- _PROBLEM TO WORK ON_
Nothing but an exact copy is asked for: the lines in the material below from the one with "MID Blau CARMAKOMA" through the one with "Harbor has these", pictures excluded.

- _INFORMATION SUPPLIED_
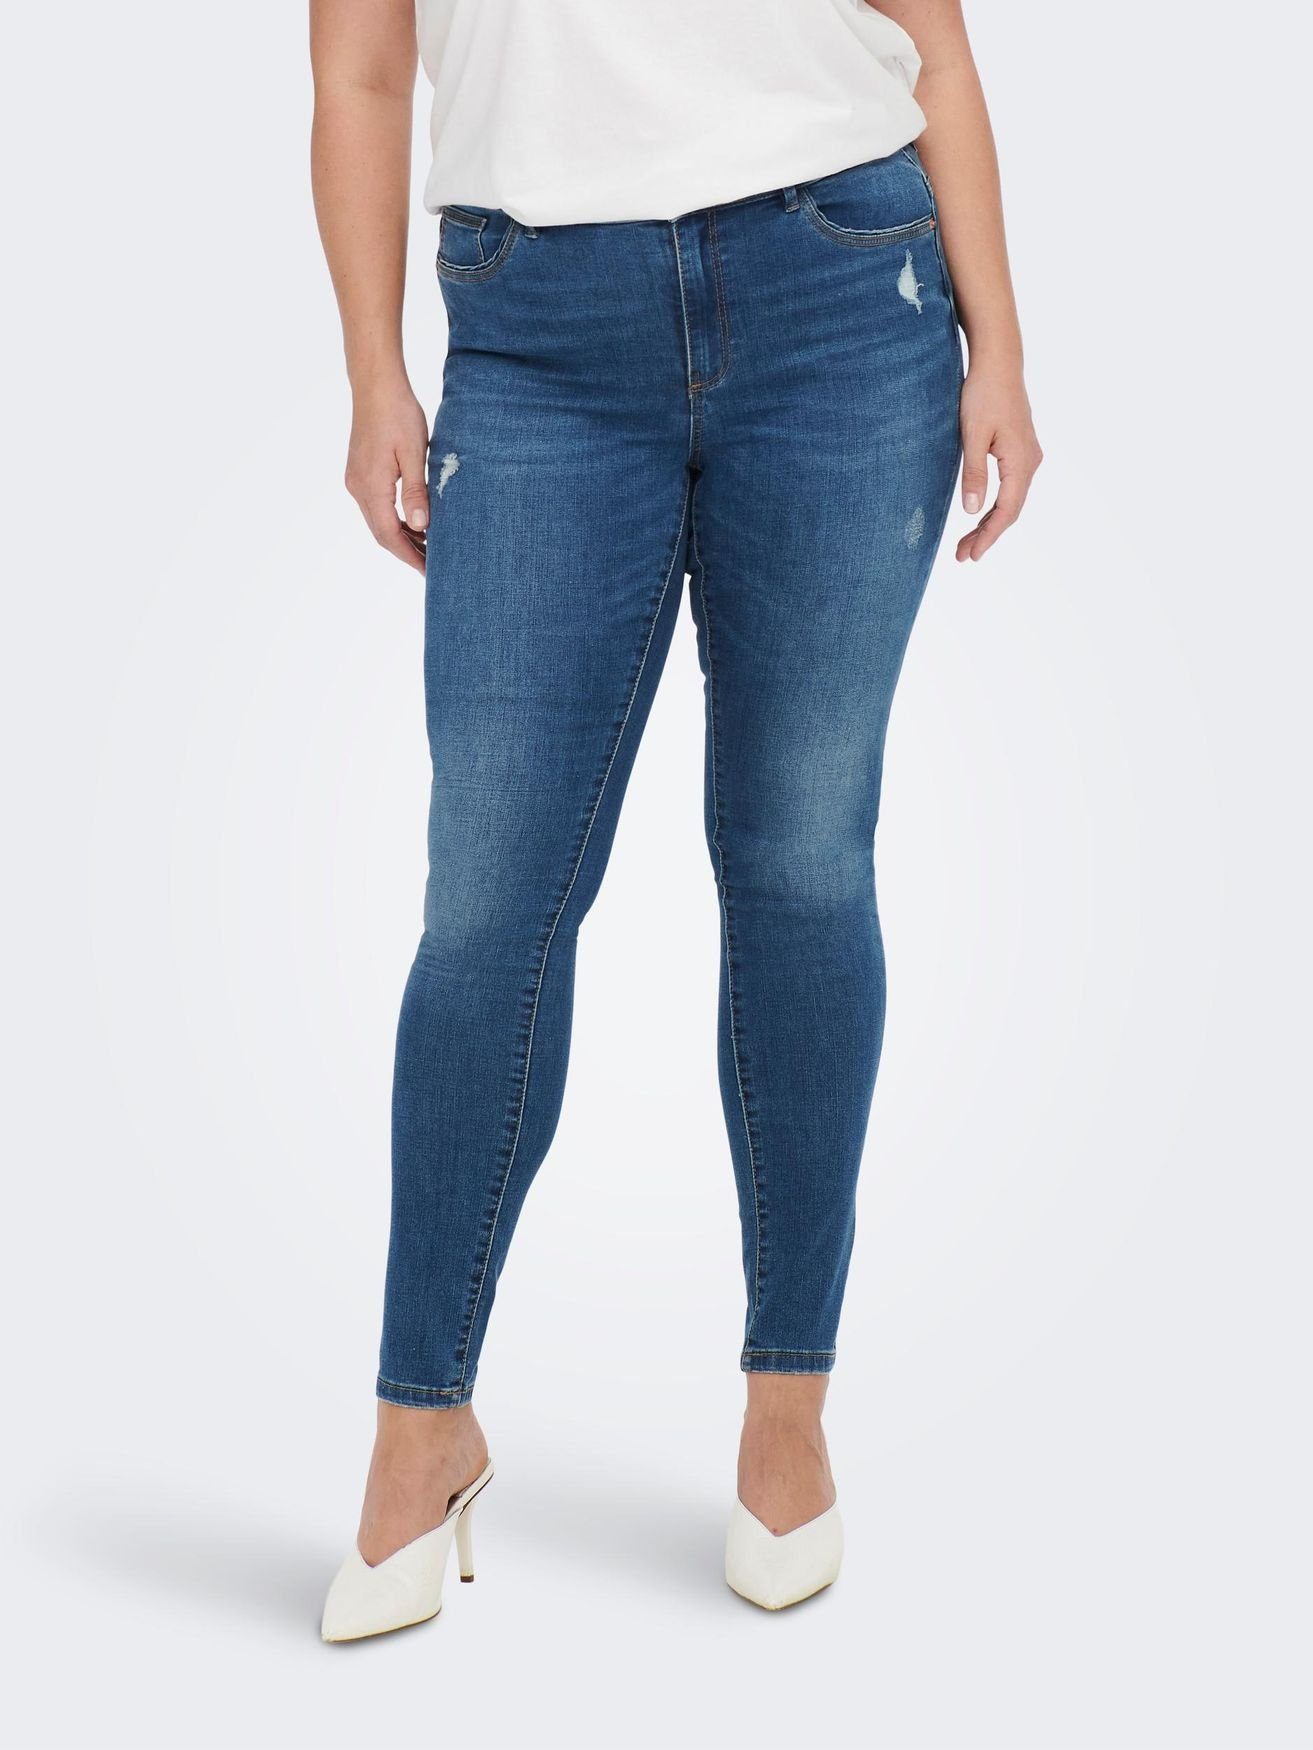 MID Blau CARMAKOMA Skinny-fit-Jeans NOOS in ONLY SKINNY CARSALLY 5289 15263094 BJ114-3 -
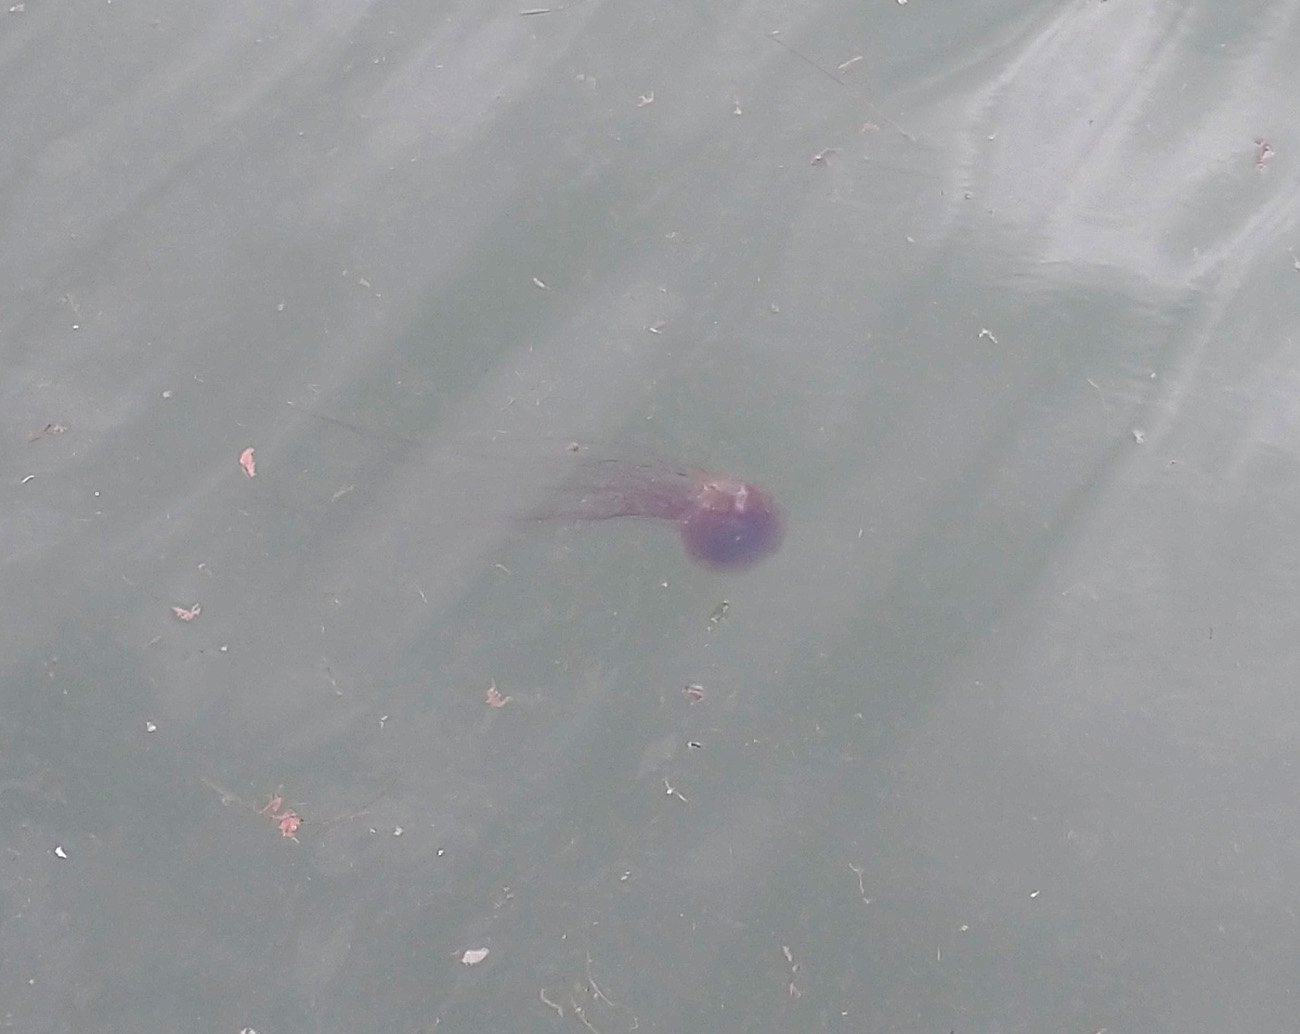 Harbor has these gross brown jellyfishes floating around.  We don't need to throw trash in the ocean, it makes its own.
* * *
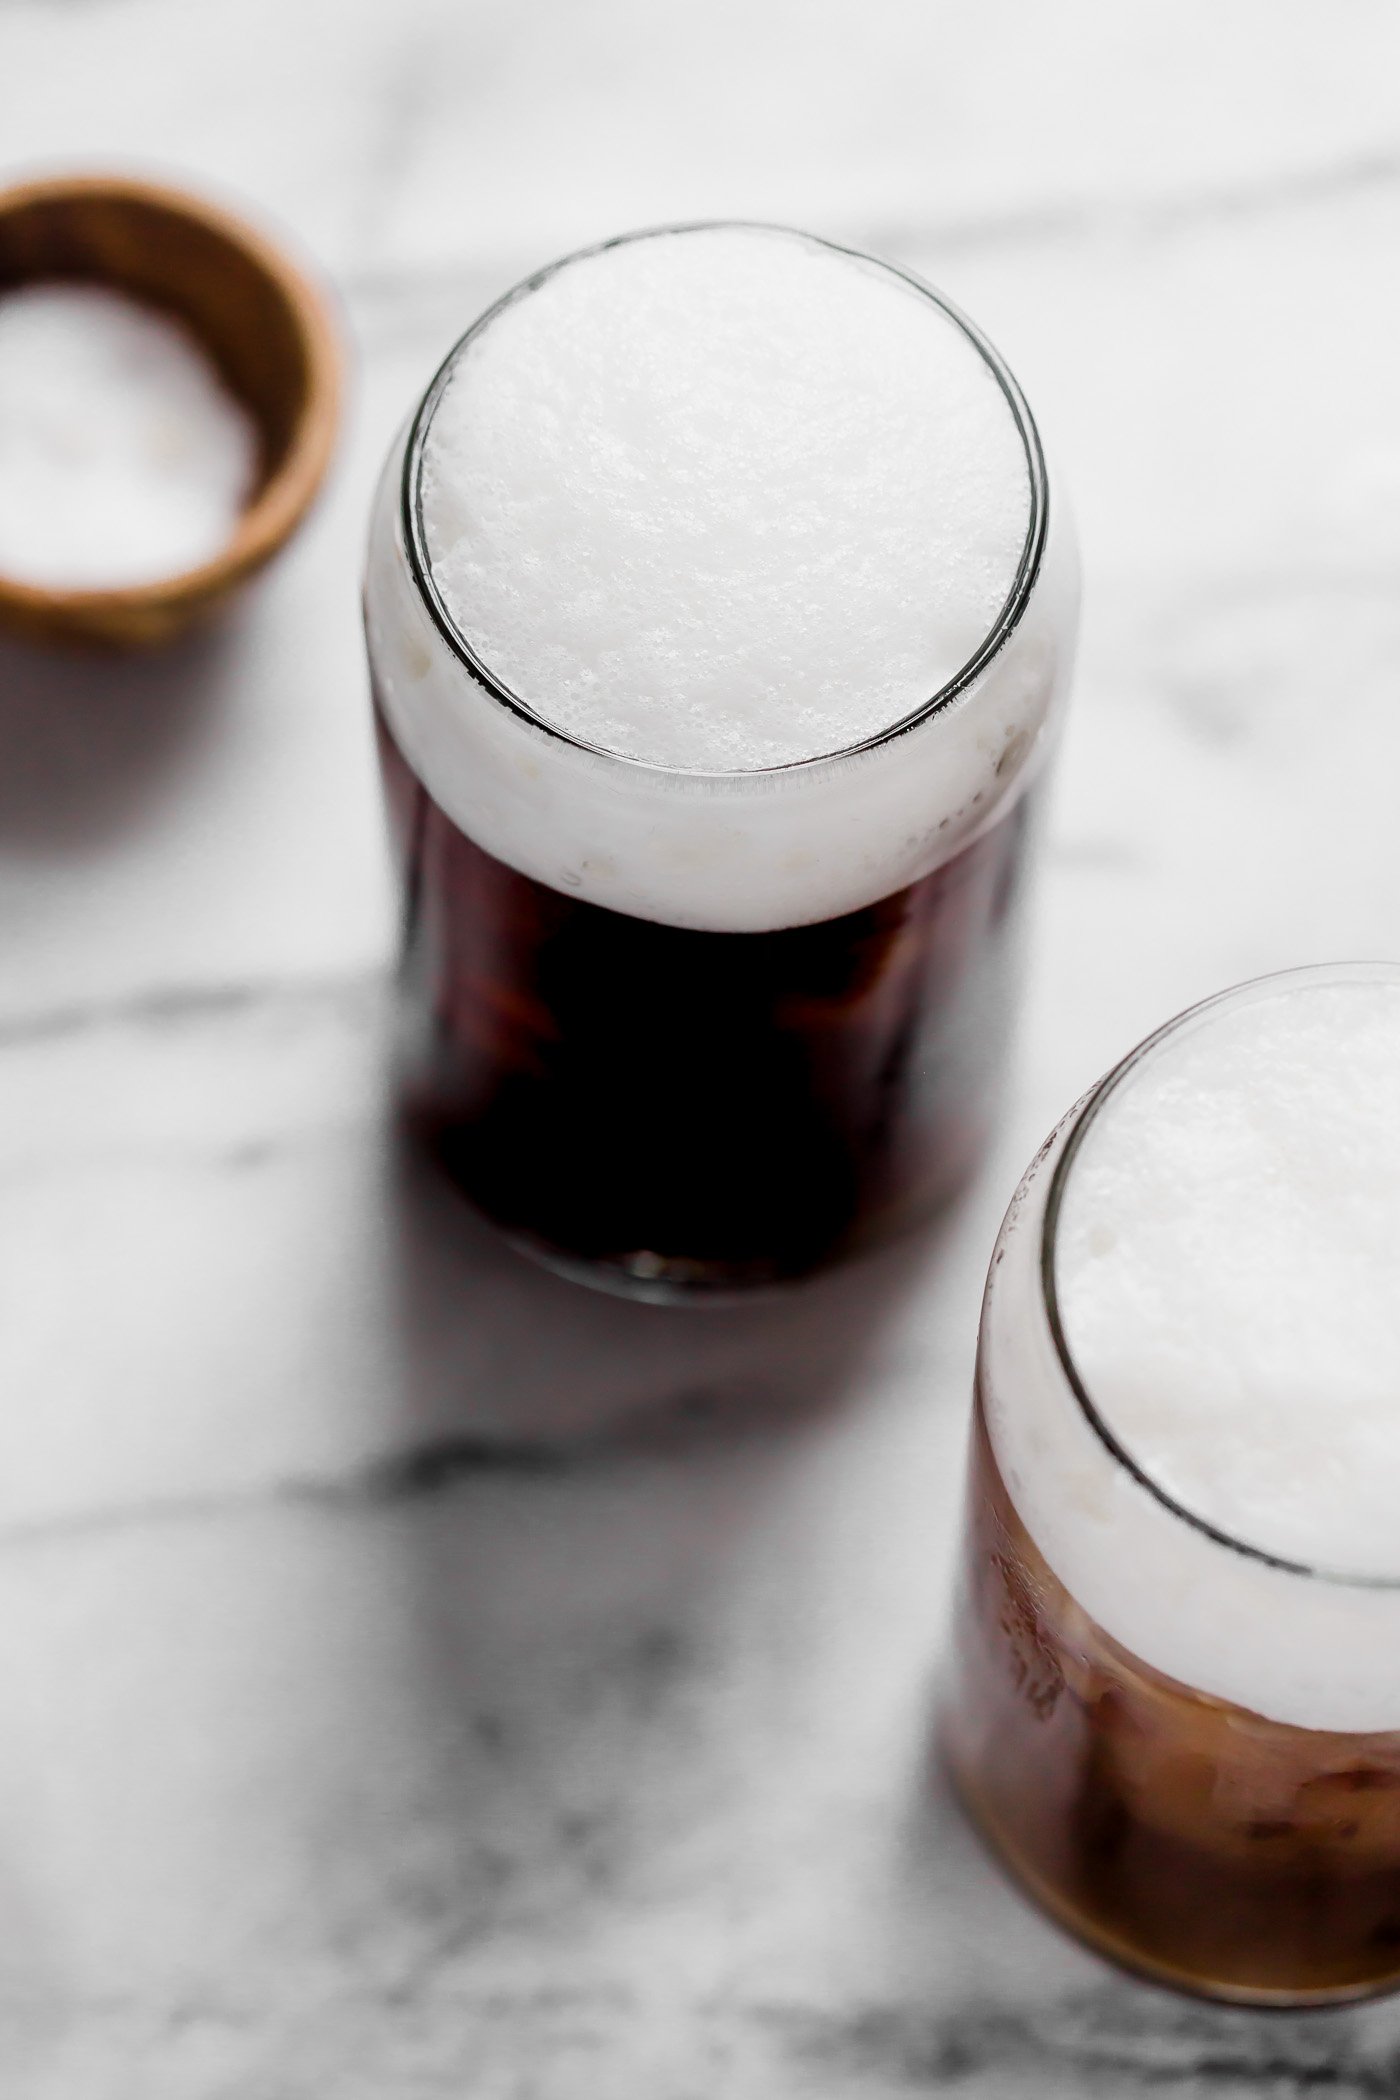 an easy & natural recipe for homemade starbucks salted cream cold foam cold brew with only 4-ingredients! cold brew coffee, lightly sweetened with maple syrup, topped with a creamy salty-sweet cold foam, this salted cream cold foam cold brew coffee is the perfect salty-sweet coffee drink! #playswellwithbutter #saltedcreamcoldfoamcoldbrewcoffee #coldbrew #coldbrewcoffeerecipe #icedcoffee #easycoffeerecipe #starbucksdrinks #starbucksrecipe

- _SOLUTION TO THIS TASK_
 MID Blau CARMAKOMA Skinny-fit-Jeans NOOS in ONLY SKINNY CARSALLY 5289 15263094 BJ114-3 -
 Harbor has these gross brown jellyfishes floating around.  We don't need to throw trash in the ocean, it makes its own.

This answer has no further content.